# kg420!!!!!



## MY MIKADO (Apr 7, 2006)

Hey Krystal you took my award :roll:!!! I want it back .....NOW.


----------



## Black Rabbit (Nov 14, 2009)

????????????


----------



## Black Rabbit (Nov 14, 2009)

Did something happen when I clicked on it? I was trying to figure out what they ment? How do I give It back? What do I do?


----------



## Black Rabbit (Nov 14, 2009)

You scared the crap out of me! I was feeling like an a hole cause I thought I stole your stuff when I clicked on it. lol.


----------



## American_Pit13 (Apr 23, 2007)

HA! Stop scarin off the newbies Mikado!


----------



## Black Rabbit (Nov 14, 2009)

:rofl::rofl::rofl::rofl::rofl::rofl:
I seriously thought I did something bad, I was like W.T.F did I do?


----------



## StaffyDaddy (Mar 28, 2009)

MY MIKADO said:


> Hey Krystal you took my award :roll:!!! I want it back .....NOW.

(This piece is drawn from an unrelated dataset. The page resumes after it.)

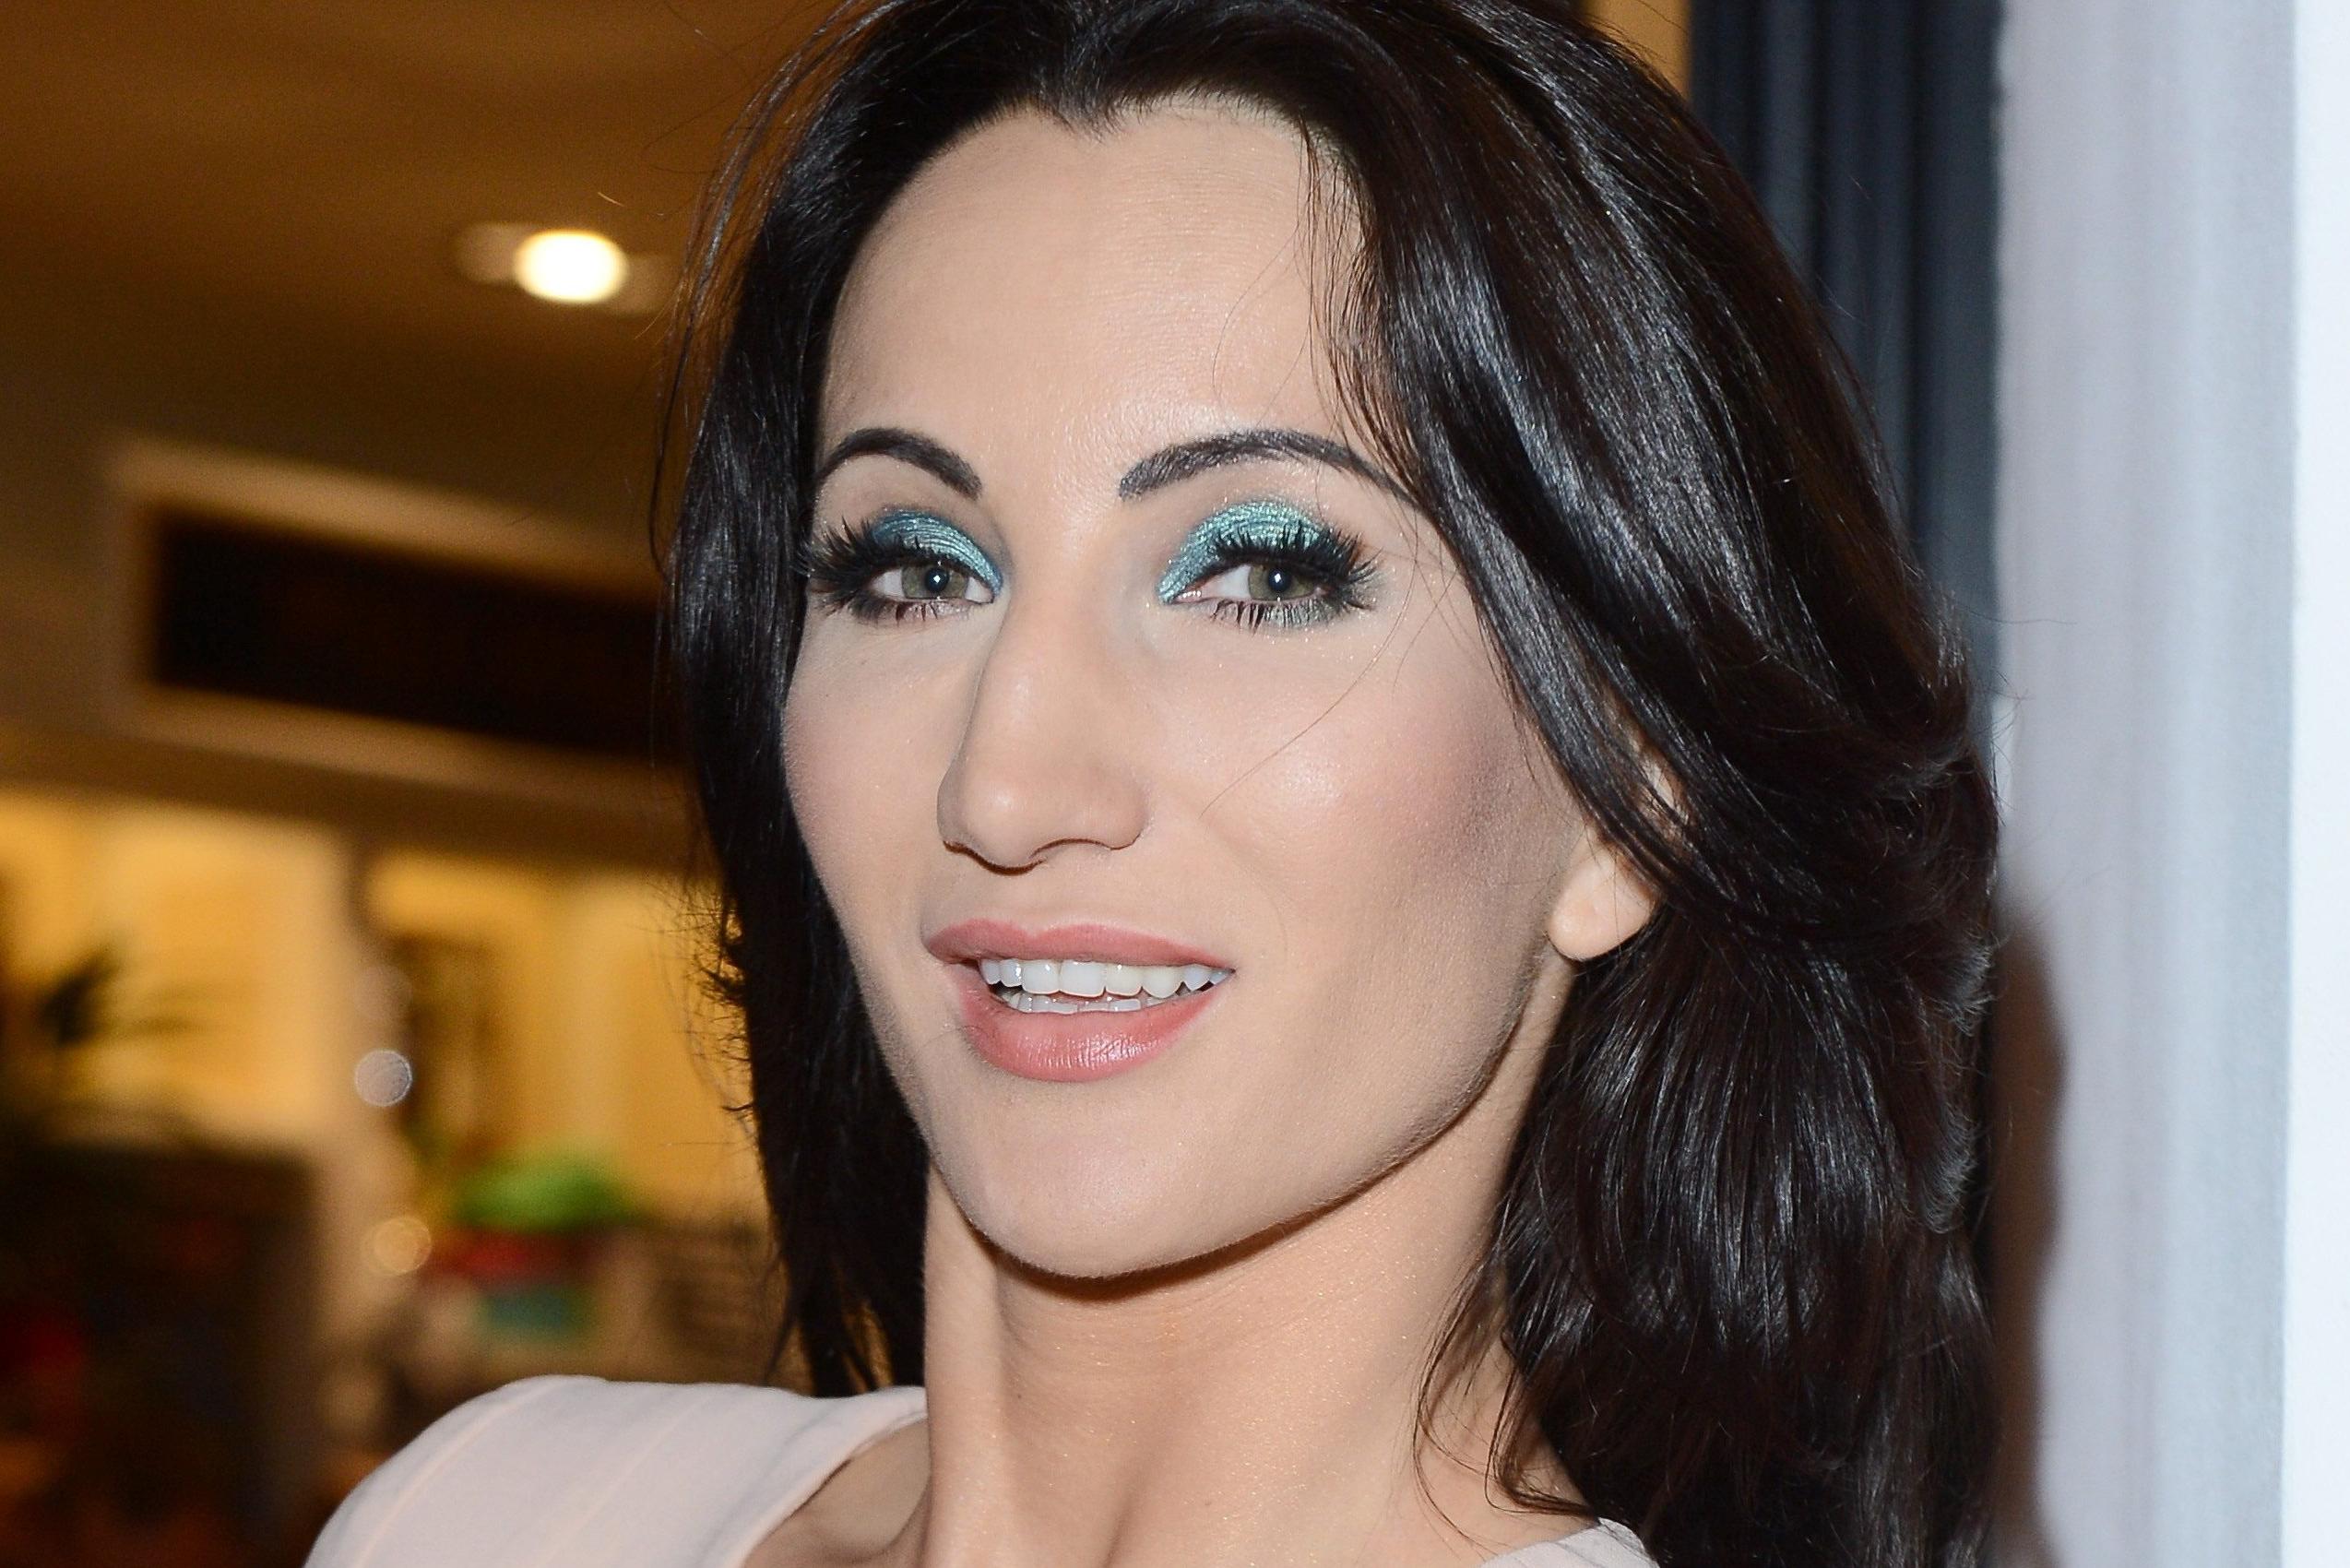 Hacked Maria Eugenia Suarez nude photos 2019

are you a little award aggressive?! no, sharon! NO! lol


----------



## SnoopsMomma (Nov 5, 2009)

I wondered what happened to my award. HEHEHEHEHE Kg got it now. :rofl:


----------



## MY MIKADO (Apr 7, 2006)

I like having two.....You have two OZ and I don't see you giving any away. Lol

Sorry I scared you Krystal I was just messing around. You can have it for awhile.


----------



## StaffyDaddy (Mar 28, 2009)

MY MIKADO said:


> I like having two.....You have two OZ and I don't see you giving any away. Lol
> 
> Sorry I scared you Krystal I was just messing around. You can have it for awhile.


take em!! i dont know how to give em away lol

i guess i got the community one cuz i try to add new members to my friends lol


----------



## redog (Oct 14, 2005)

*sniff sniff* I dont qualify for awards. I feel so left out! just chopped liver I guess


----------



## 9361 (Jun 25, 2009)

How do you get an award?


----------



## Czar (Nov 11, 2009)

I want an award, how i get one?


----------



## Black Rabbit (Nov 14, 2009)

redog said:


> *sniff sniff* I dont qualify for awards. I feel so left out! just chopped liver I guess


awww don't be sad I'd give you my award if I knew how.


----------